So anyway, that got me to thinking like a kid again, and I remembered a ghost story that I read as a boy. There are many variations of this tale. This is a version that Reader’s Digest published many years ago in its “Treasury For Young Readers” (1961 The Reader’s Digest Association).


A Girl Named Lavender


By Carl Carmer

Only a few miles northwest of New York City lies a hilly wilderness through which flows the Ramapo River. A few years ago the postmaster in a village that lies beside its lonely waters talked often about a slender girl with eyes like hyacinths and wheat-yellow hair.

The postmaster taught a boy’s Sunday-school class in a tiny, weathered church in the Ramapo hills. His boys were a shy lot, but wild as woods animals are wild.

When that girl was around, she went through the class like a sickness, the postmaster said.

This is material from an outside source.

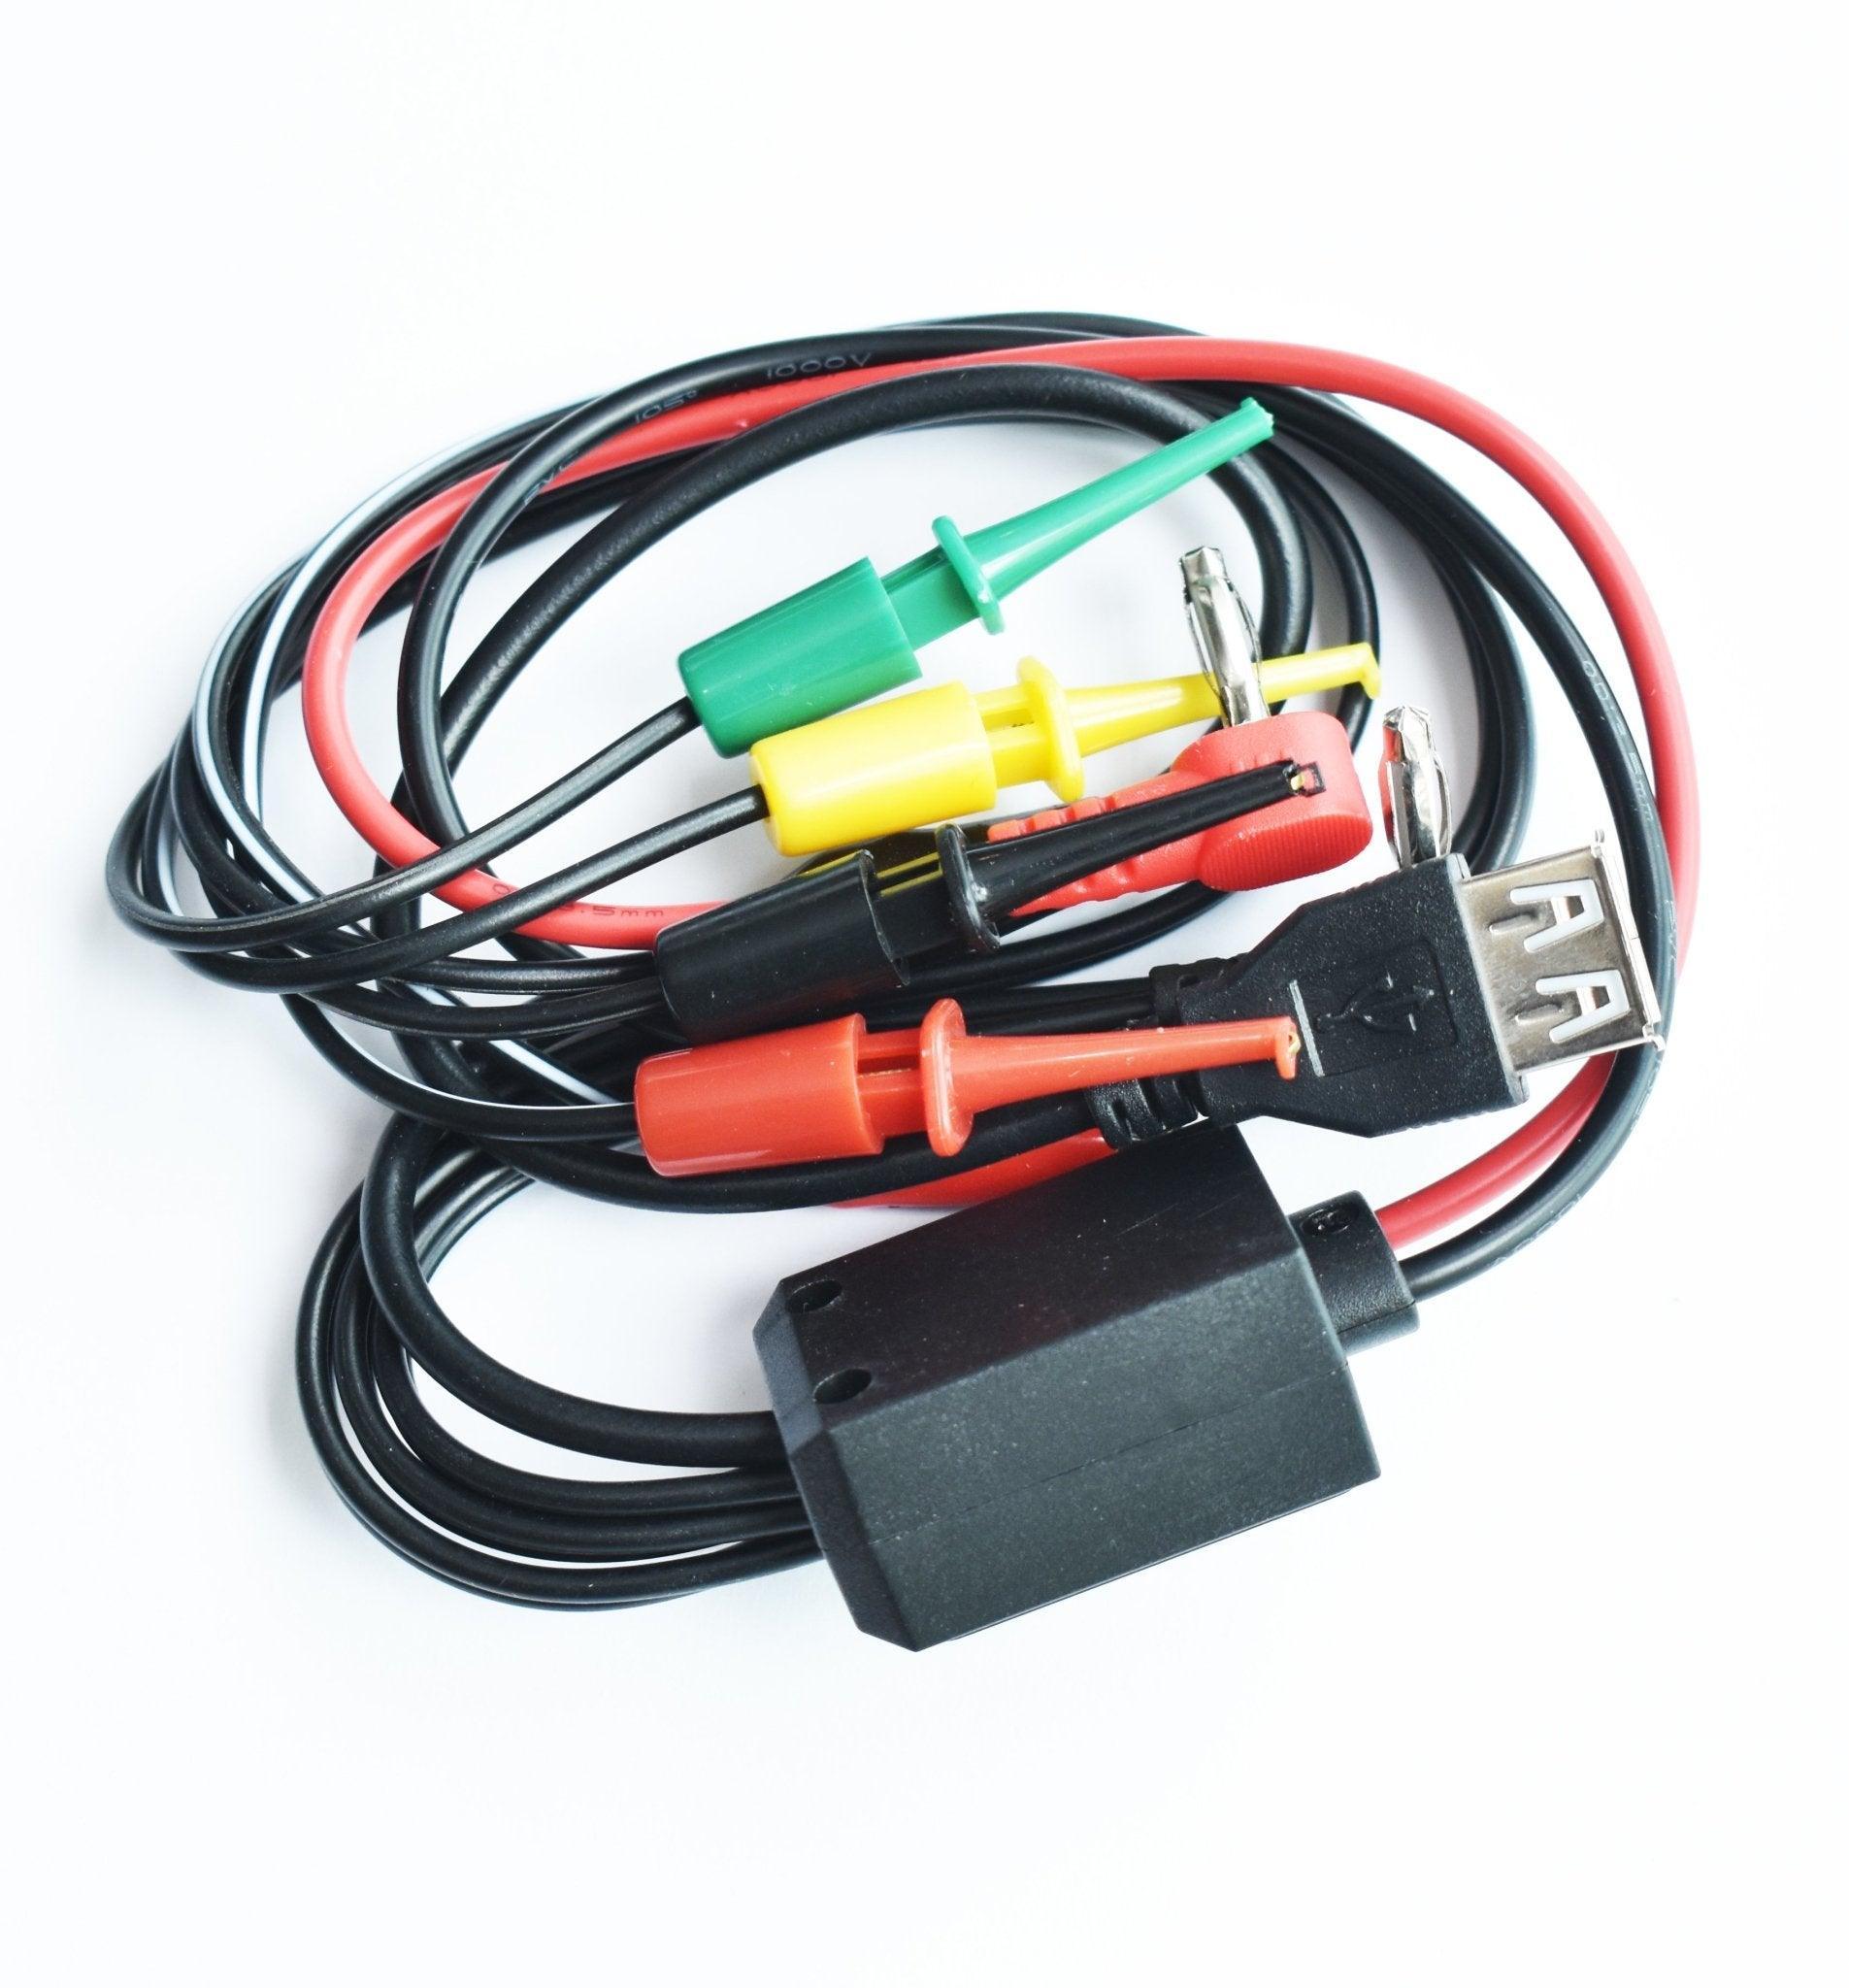 Cable Fuente Poder W10 Banana-Multipuntas. a solo $ 100.00 Refaccion y puestos celulares, refurbish y microelectronica.- FixOEM
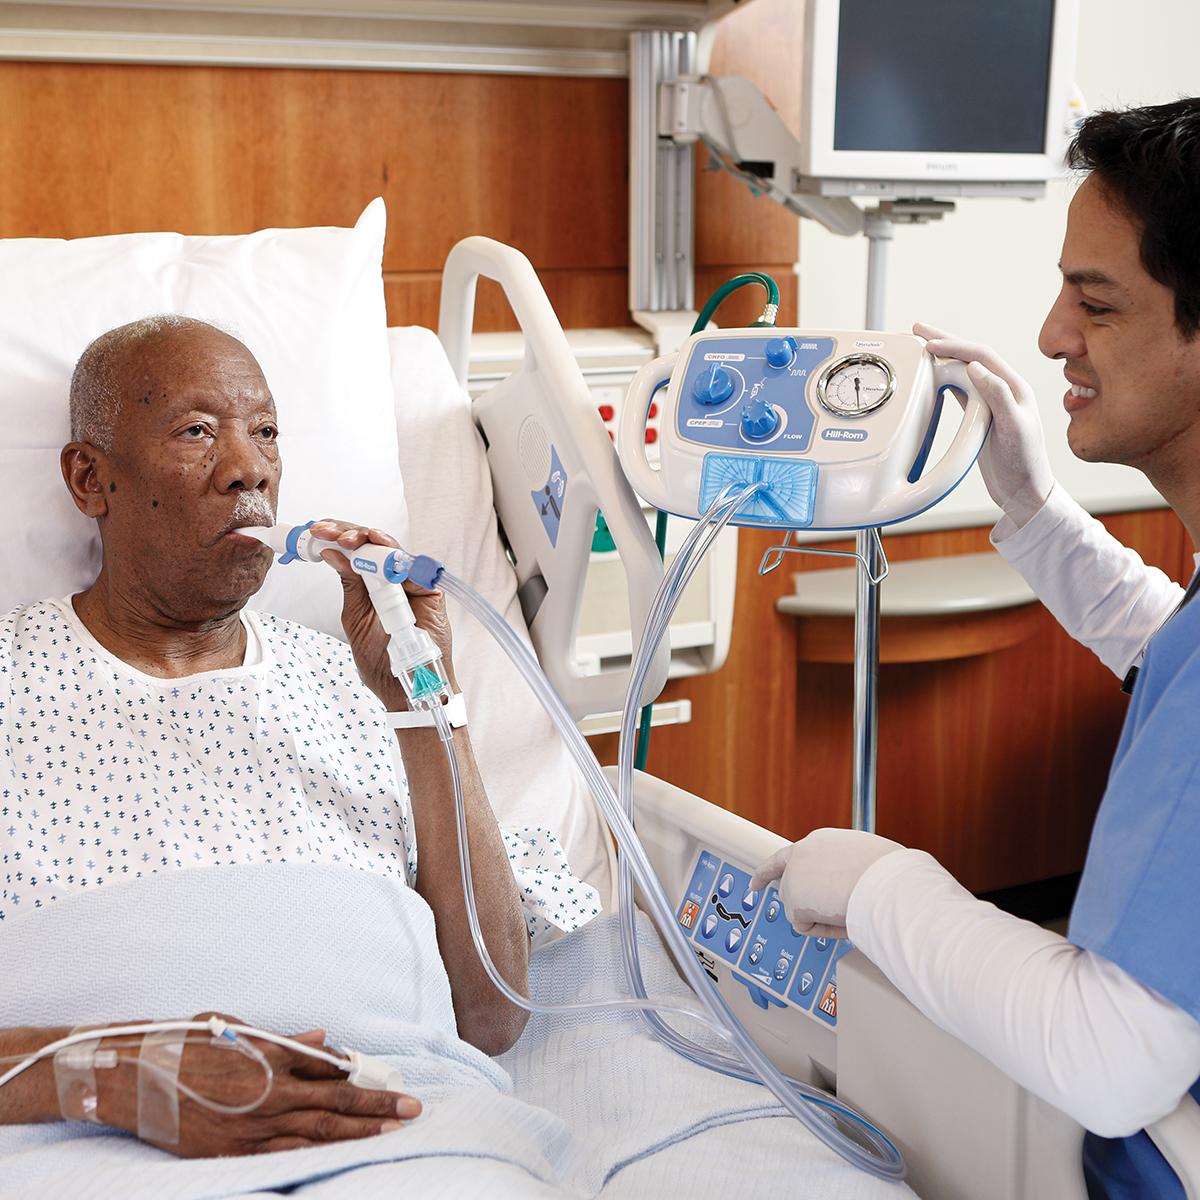 Um paciente mais velho em uma cama hospitalar recebe terapia do sistema MetaNeb, com o médico próximo

A boy would be absent from Sunday School for a month or two. Then he would come back, looking sheepish, and one of his schoolmates would be absent for a while. The postmaster would sometimes see him and the girl picking blackberries on a hillside — or, on a Saturday night, walking along the road to a country dance.

One Wednesday night, three barrels of old clothes from a New York City church were to be given out after prayer meeting. The girl came just as the preacher beat in the head of the first barrel. She was barefoot, and wore a patched calico dress which was much too small for her. She sat in the back pew and paid no attention as the usual shabby garments contained in such barrels were shown.

There was a gasp when the preacher pulled from the second barrel a lavender evening dress covered with sequins that glinted like amethysts. No one spoke up for it. But, without saying a word, the girl dashed forward. She grabbed the dress and raced out of the church.

From that time on, no one saw the girl in any other costume. Rain or shine, day or night, she was a brush stroke of lavender against the green hill slopes and the khaki-colored shirts of whatever boys strode beside her.

Mid-December brought a cold snap. It was 18o below zero one morning when the postmaster opened his window for business. The people who came in that day were more eager to give him the news than to get their mail. The body of the girl in the lavender dress had been found frozen stiff a few miles up the road. The beautiful dress had proved too flimsy for such weather.

The postmaster said that after this tragedy all the boys in his class came regularly to Sunday school. And that seemed to be the end of the story of the girl.

The girl died in about 1939 — many witnesses have testified to this fact — and for ten years nothing more was heard about her. Then a strange story began to go the rounds of upstate towns.

As I heard it, one Saturday evening two boys were driving to a dance at Tuxedo Park in the Ramapo hills. On the road that runs through the river valley, they saw a girl waiting. She was wearing a party dress the color of mist rising above the dark stream. Her hair was the color of ripe wheat.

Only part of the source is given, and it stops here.